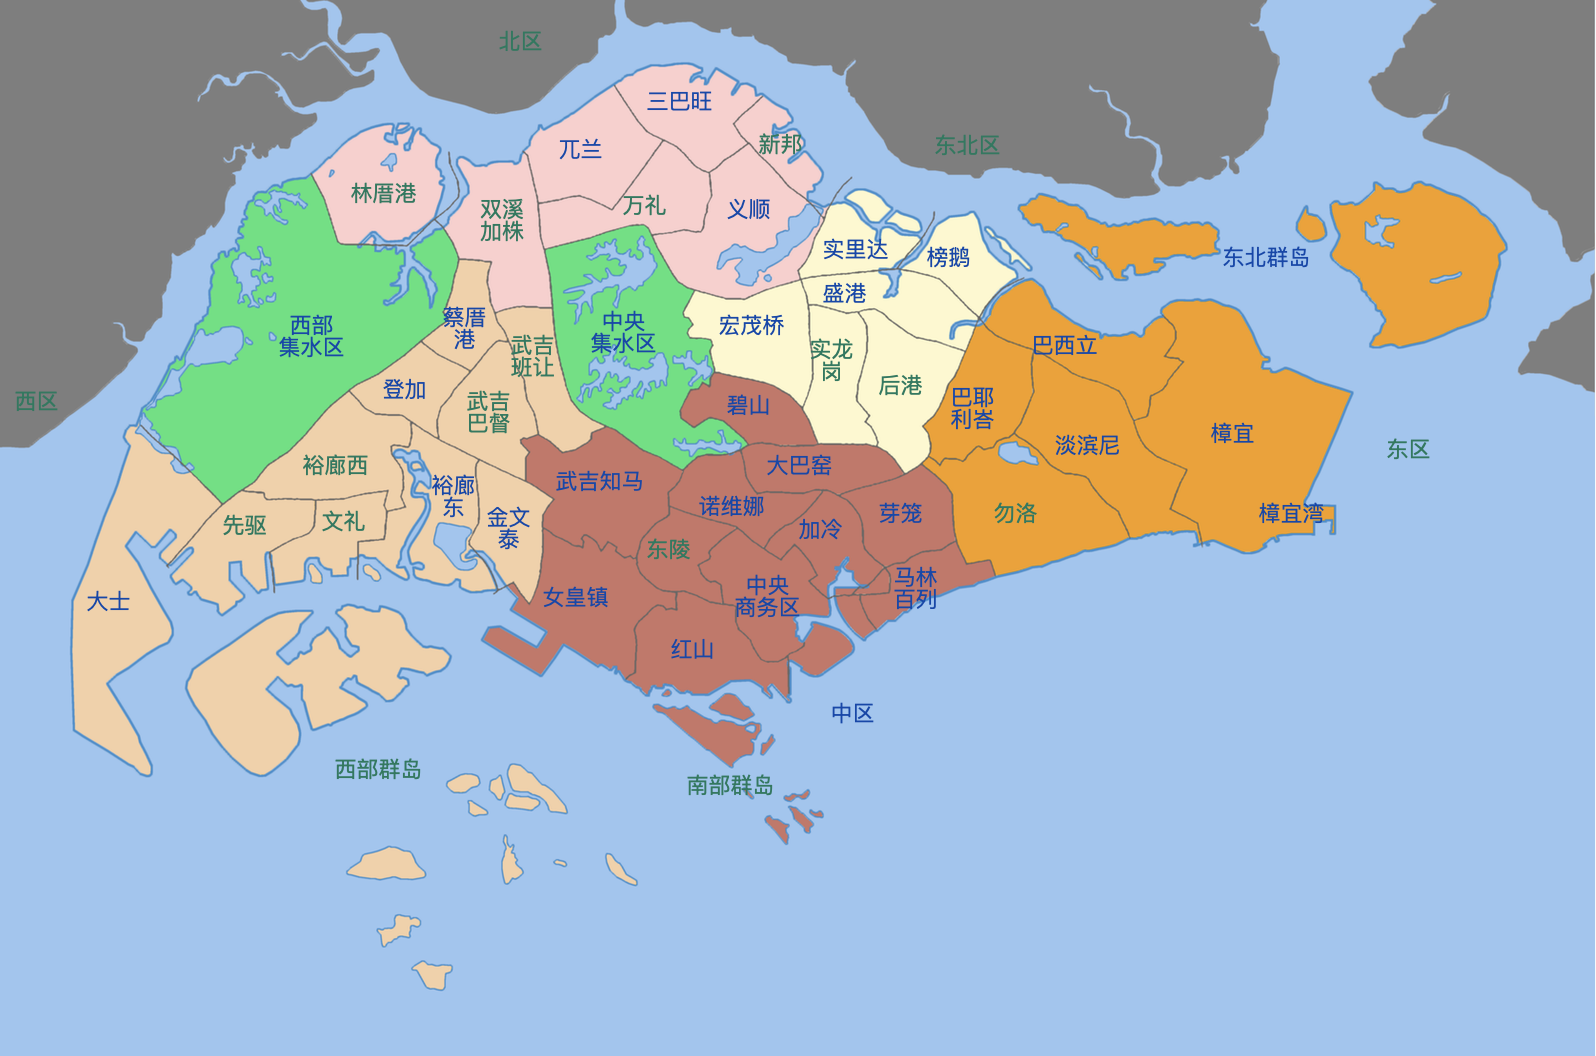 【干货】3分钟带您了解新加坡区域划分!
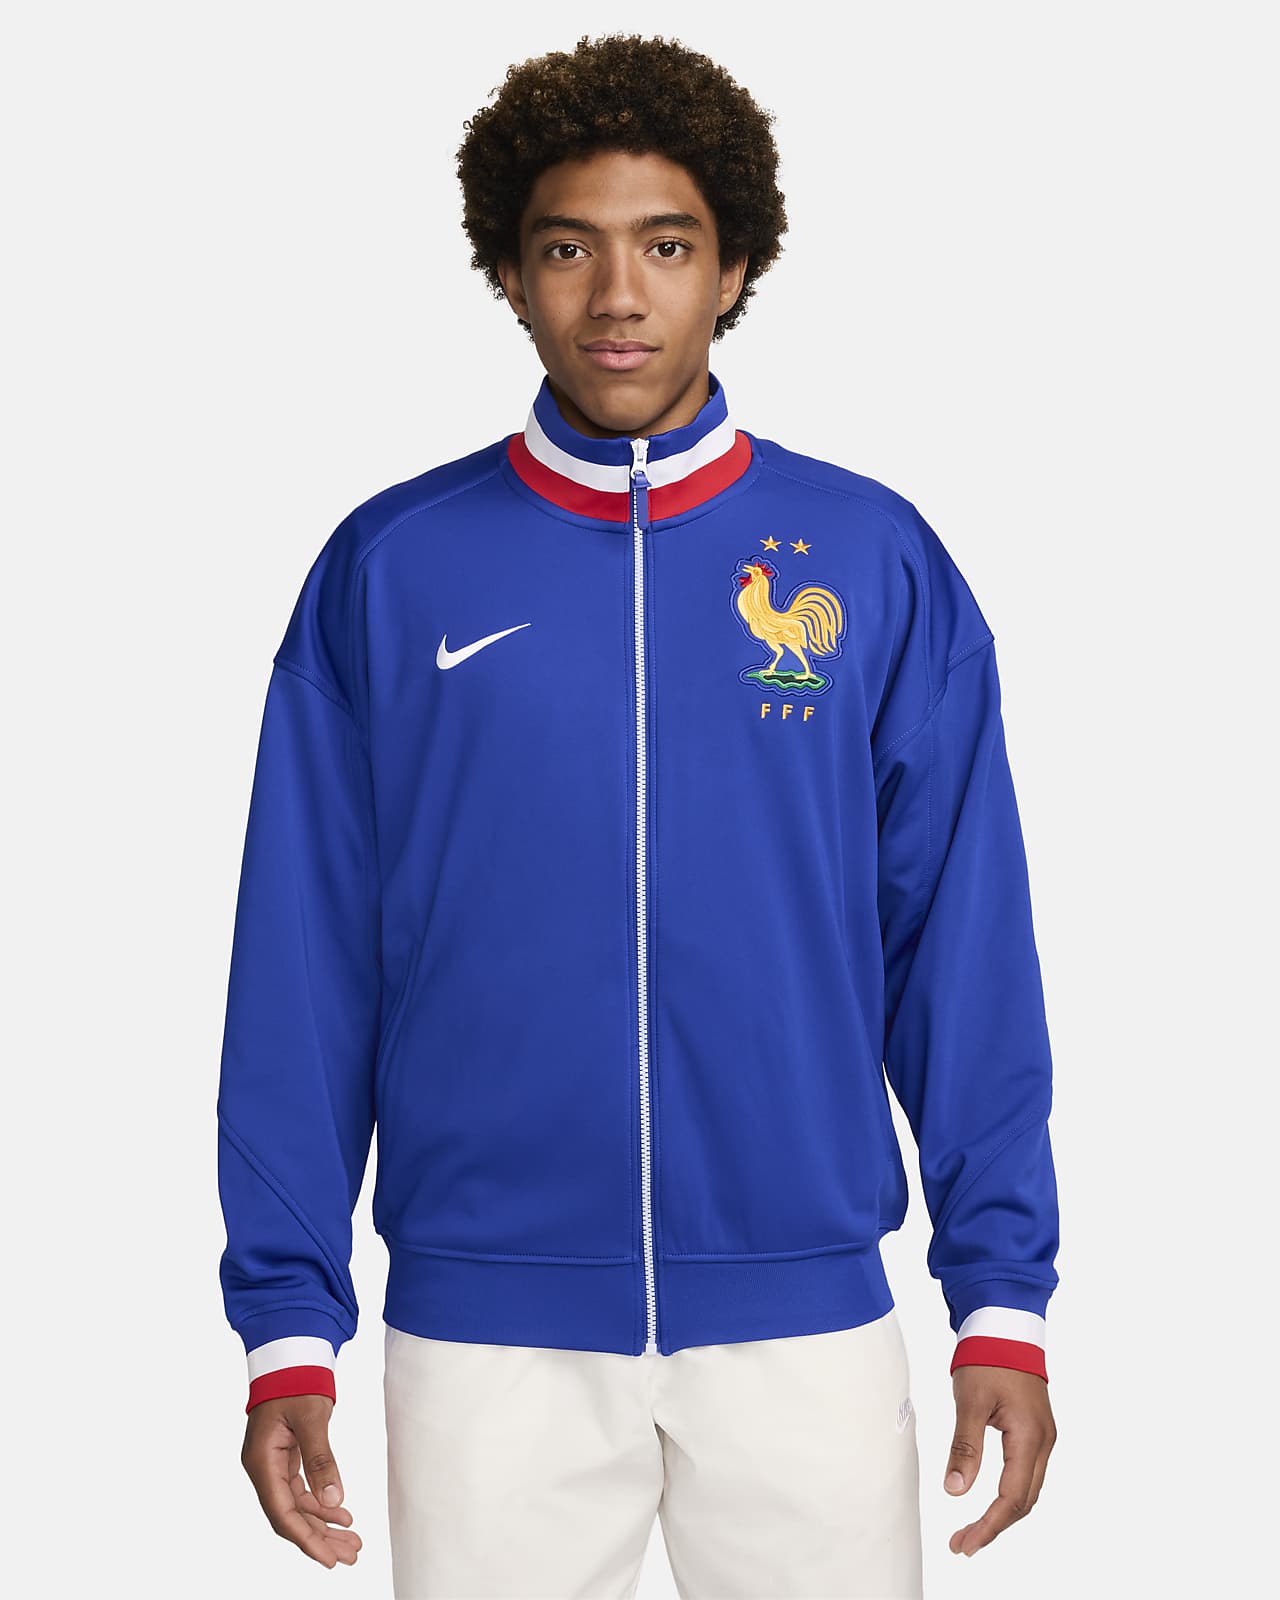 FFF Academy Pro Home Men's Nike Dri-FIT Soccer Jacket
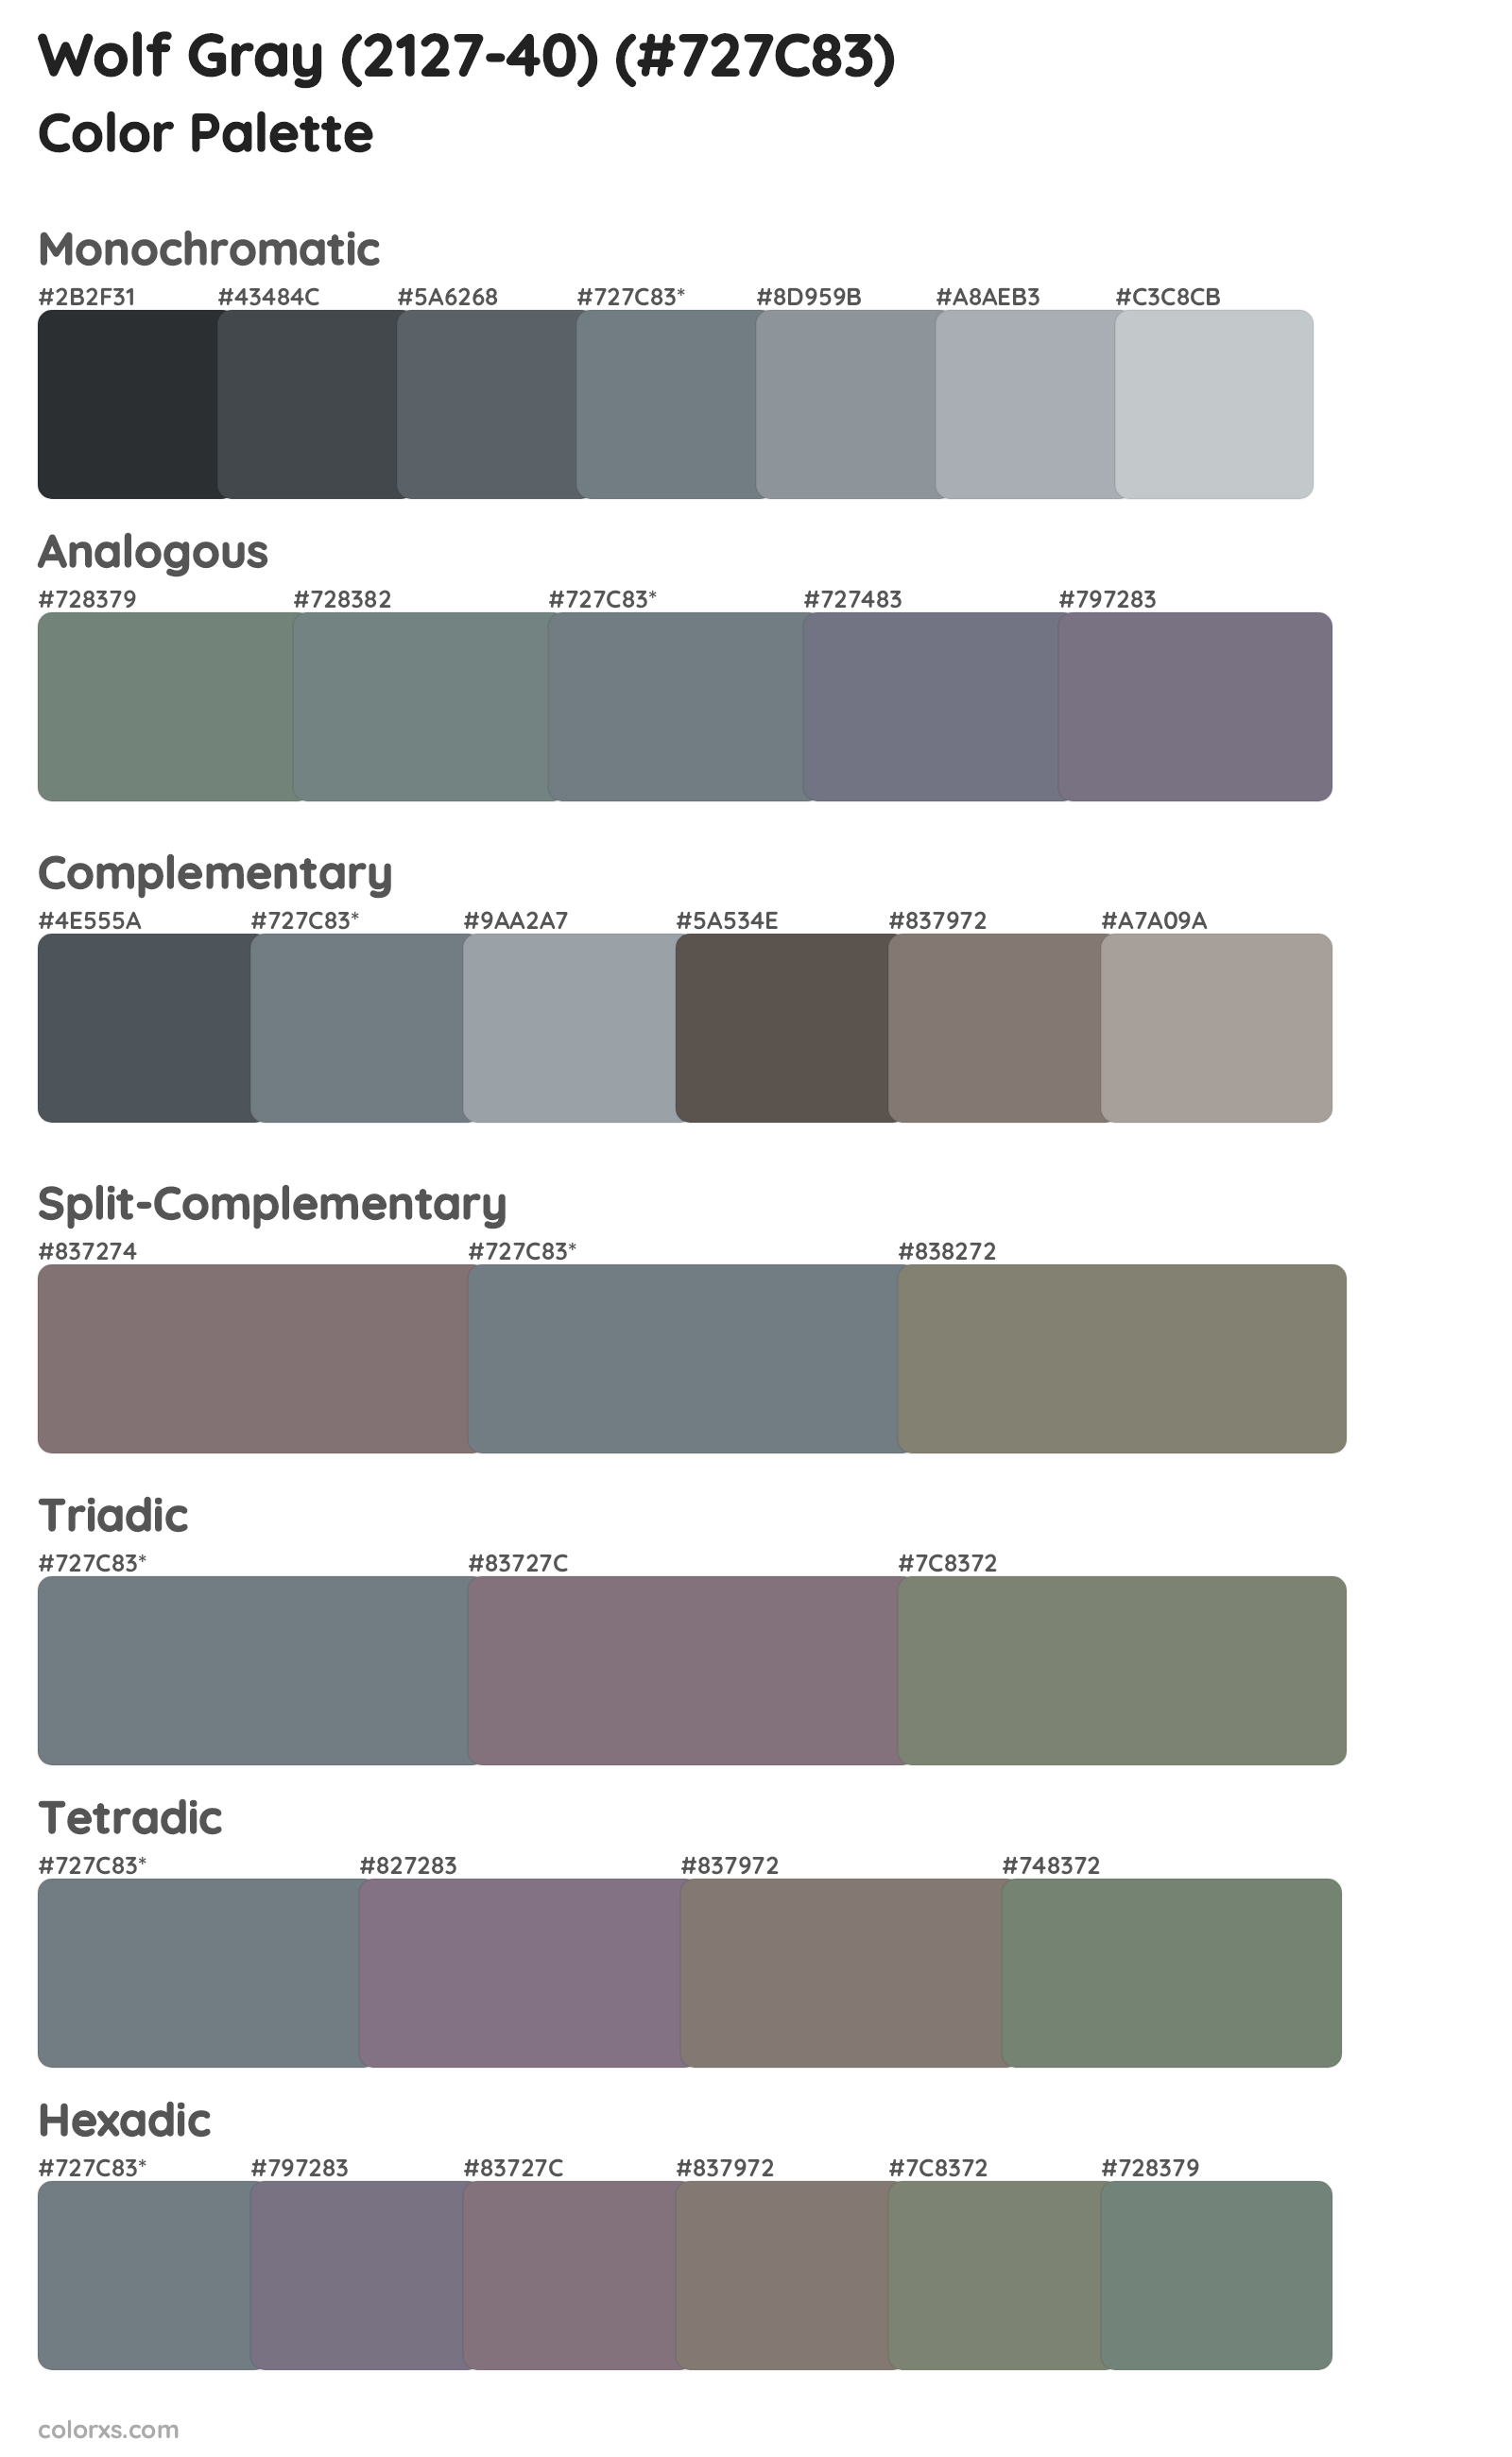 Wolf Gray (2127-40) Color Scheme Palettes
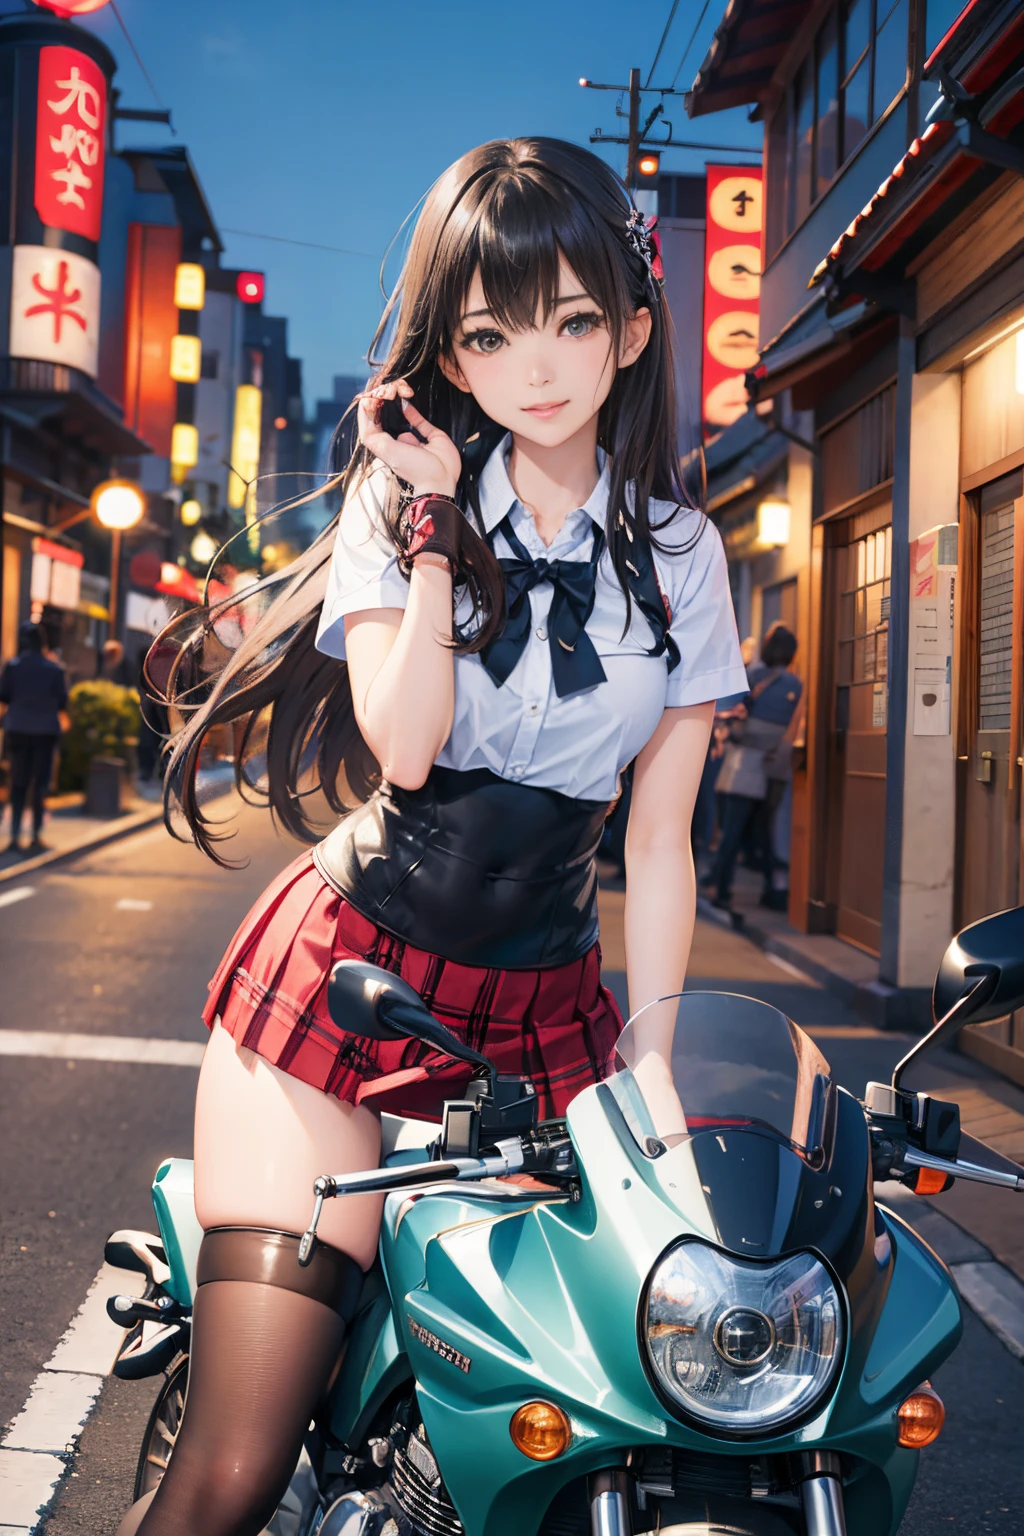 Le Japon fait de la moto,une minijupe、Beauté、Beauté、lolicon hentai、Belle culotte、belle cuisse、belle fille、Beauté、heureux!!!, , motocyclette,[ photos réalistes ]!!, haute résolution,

Problem to work on:
Everything in the listing above is to be given again exactly, apart from the pictures.

Solution to this exercise:
 【干货】3分钟带您了解新加坡区域划分!
 FFF Academy Pro Home Men's Nike Dri-FIT Soccer Jacket
 Wolf Gray (2127-40) Color Scheme Palettes
 Le Japon fait de la moto,une minijupe、Beauté、Beauté、lolicon hentai、Belle culotte、belle cuisse、belle fille、Beauté、heureux!!!, , motocyclette,[ photos réalistes ]!!, haute résolution,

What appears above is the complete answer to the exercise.